“His friends?” she asked.
I nodded and squeezed her hands.
“What good is friends when you ain’t got nuthin’ and they never call?”
“They might know something, Mrs. Tarr. He might have said something about where he was hanging out.”
“They put a eviction notice on my door,” she said. “Where Perry’s friends gonna be when I’m out on the street with twelve kids? Where the police gonna be when I’m diggin’ through trash cans tryin’ t’feed my babies?” She looked at me then. “Where you gonna be when that’s happenin’? I’ll tell you where, asleep in your bed while we livin’ with the rats.”
Being poor and being black were not the same things in America, not exactly. But there were many truths that all black people and poor persons of every color had in common. One of the most important particulars in our lives was the understanding of the parable of the Gordian knot. You had to be able to cut through that which bound you. Maybe that was leaving a woman behind or breaking into a bank under cover of darkness; maybe it was bowing your head and saying “Yessir” when a man had just called your wife a whore and your children dogs. Maybe you spent your whole life like some John Henry banging away at a boulder that would never give.
I took a hundred-dollar bill from my wallet and pressed it into Meredith’s hand. I could have cajoled her, called a social worker, talked until I was blue in the face. But the knot was the rent and the sword was that hundred-dollar bill.

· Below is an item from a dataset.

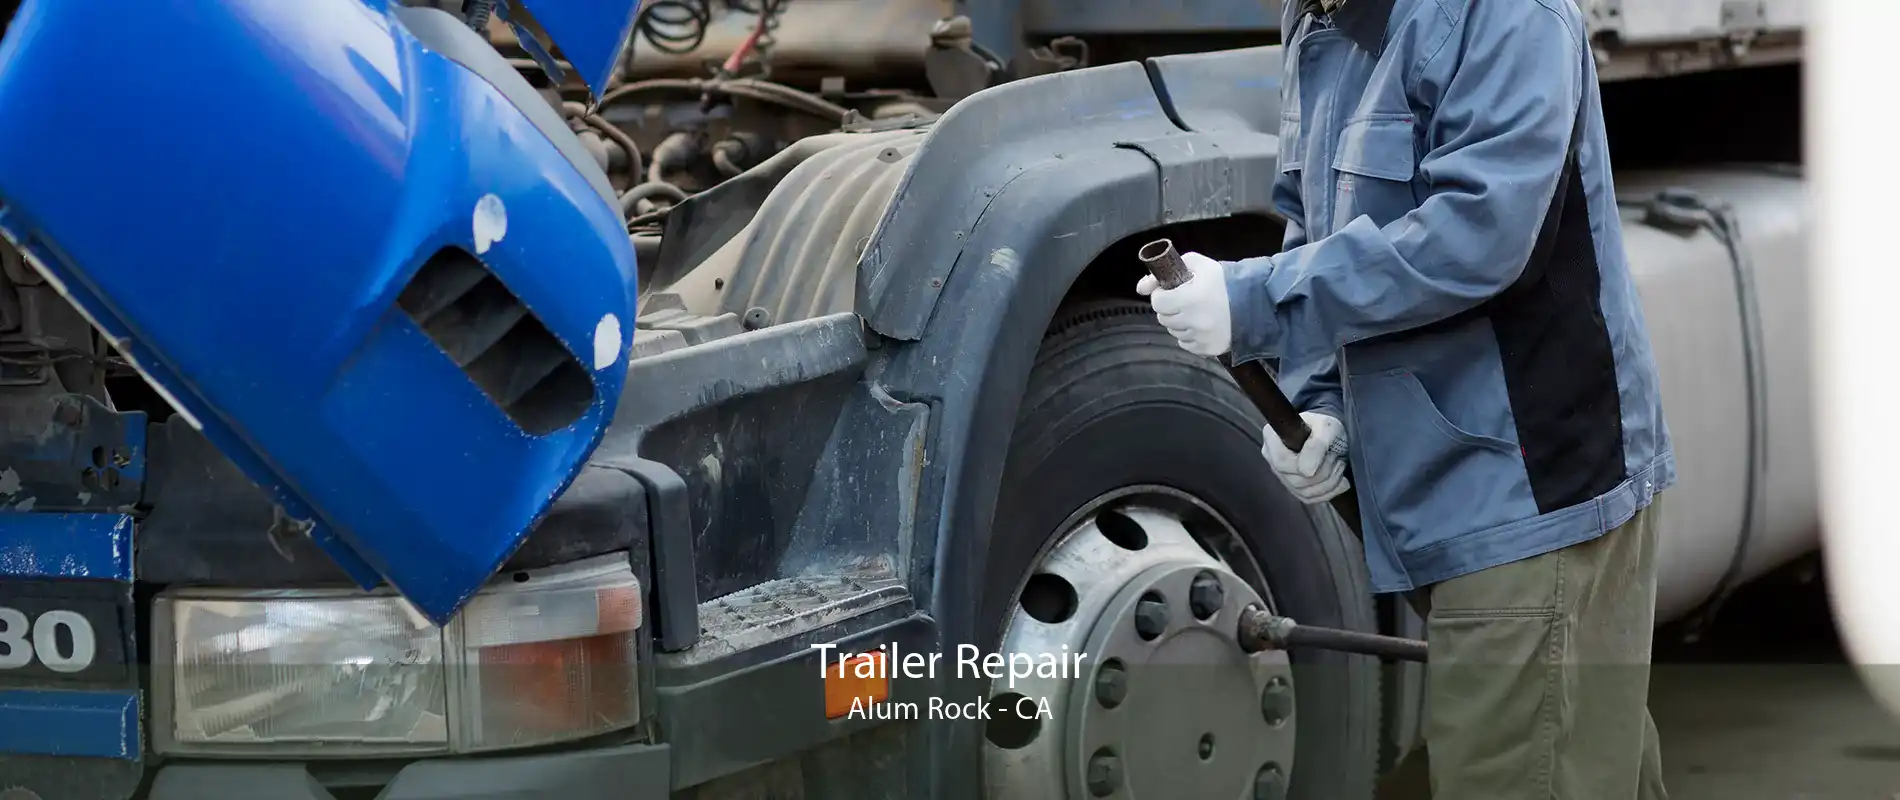 Trailer Repair Alum Rock - CA
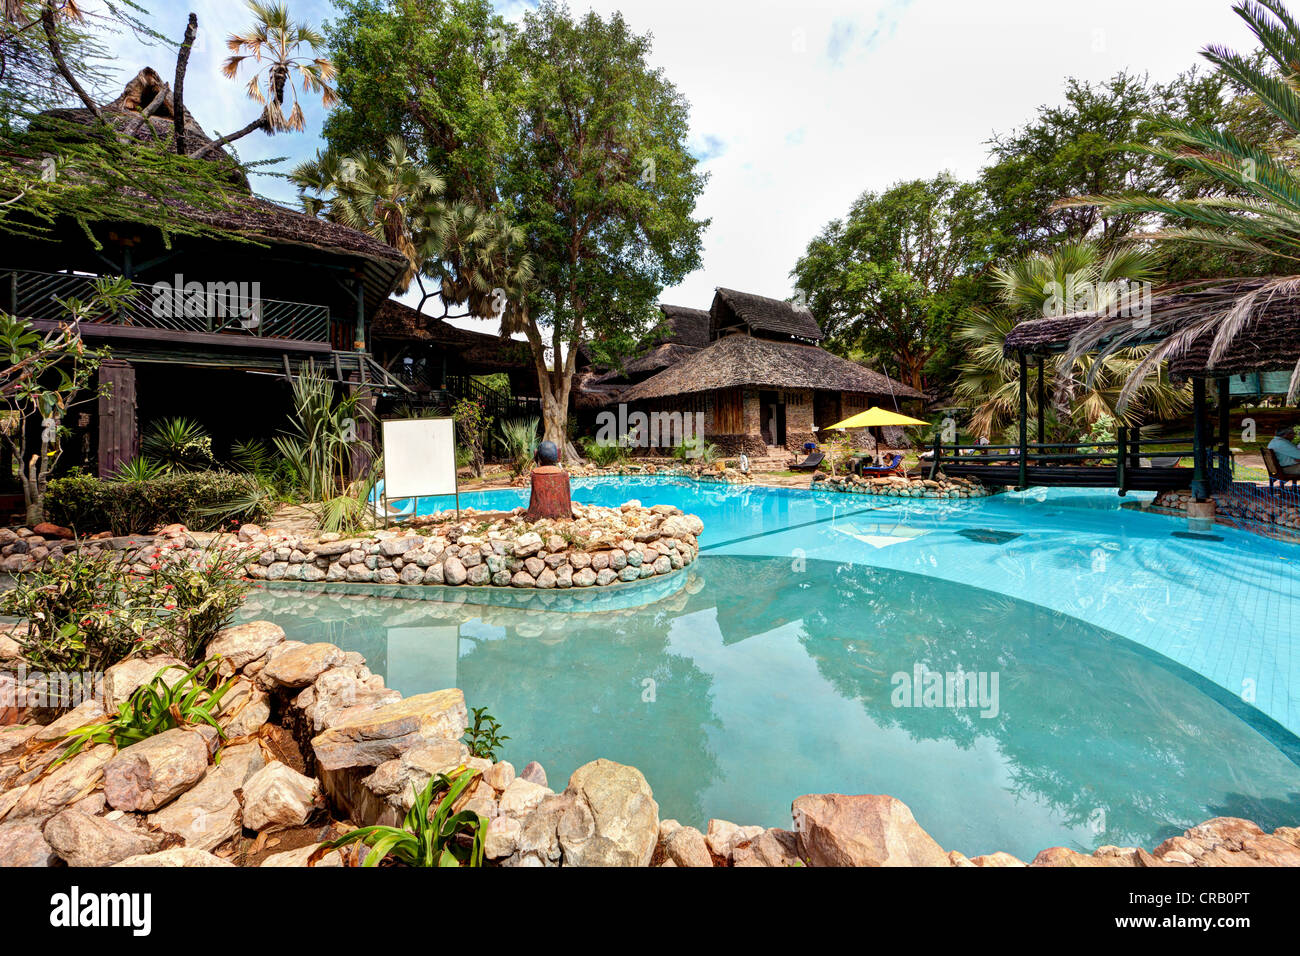 Sarova Shaba Lodge, Shaba National Reserve, Kenya, Afrique de l'Est, l'Afrique Banque D'Images

“What’s this?” she asked, lucid at last.
“It’s what you need, right?”
Leafa was standing in the doorway behind her mother. I was happy that she had witnessed our exchange.
“Mama?” Leafa said.
“Is somebody hurt?” Meredith asked, still watching me.
“No.”
“Can you take care of it?”
“Yeah, I guess.”
“Then go away, baby. I’ll be there in a few minutes.”
Leafa backed out of the room as Meredith sat up straight.
“Why you givin’ this to me?” she asked suspiciously.
“My client is paying,” I said truthfully. “I need to know who Perry’s friends are, and you need the rent. I’ll put you down in my books as an informant.”
It was a logic that she had never encountered before. Nothing in her life had ever had monetary value, just cost or sweat.
“I give you the names of three worthless niggahs and I can keep this here money?”
“The money is yours,” I said. “I just gave it to you. Now I’m asking for those names.”
Leafa appeared again at the doorway. This time she remained silent.
“That don’t make no sense,” Meredith said. She was angry.
“You’re right,” I said. “It’s what they call irrational. But you see, Mrs. Tarr, we, all human beings, just think we’re rational when really we never do anything that makes sense. What sense does it make to throw a poor woman and her kids into the street? What sense does it make for a man to hate me for my accent or my skin color? What sense war or TV shows, guns or Pericles’ dying?”
I got to her with that. Her life, my life, President Johnson’s life in the White House, none of it made any sense. We were all crazy, pretending that our lives were sane.
30
There was a small park down in the center of Watts next to a giant sculpture called the Watts Towers. The gaudy towers were built by a man named Rodia over a period of thirty-three years. He built them from refuse and simple material. It was a whimsical place in a very grim part of town.
The park had a few trees and picnic tables on grass worn thin by hundreds of children’s tramping feet. Meredith Tarr had told me that Timor Reed and Blix Redford were there almost every day, “Drinkin’ gin and wastin’ time.” Pericles would go to visit Tim and Blix once a week or so to share their rotgut and play checkers.
I got there just before noon. There was loud music coming from one house across the street, two teenage lovers playing hooky in order to study the facts of life, and two men of uncertain age sitting across from each other at a redwood picnic table, leaning over a folding paper checkerboard. The board was held together by once clear, now yellowing adhesive tape. About half of the pieces were light-colored stones with crayon X’s, either red or black, scrawled on top.
Looking at those men and that board, I felt as if I were witnessing the devolution of a culture. The decrepit park, the shabby clothes Blix and Timor wore, even Otis Redding moaning about the dock of the bay on tinny but loud speakers, spoke of a world that was grinding to a halt.
“Mr. Reed. Mr. Redford,” I said to the men.
They looked up at me like two soldiers from vastly disparate battlefields who had died simultaneously and were now sitting in Limbo awaiting the verdict of Valhalla.
One man was fat and wore a gray-and-black hat with tiny ventilation eyes sewn in along the side and an old gray trench coat. From Meredith’s description, I knew this was Blix Redford. He smiled expectantly and stood up, saying, “Yes, sir, do I know you?”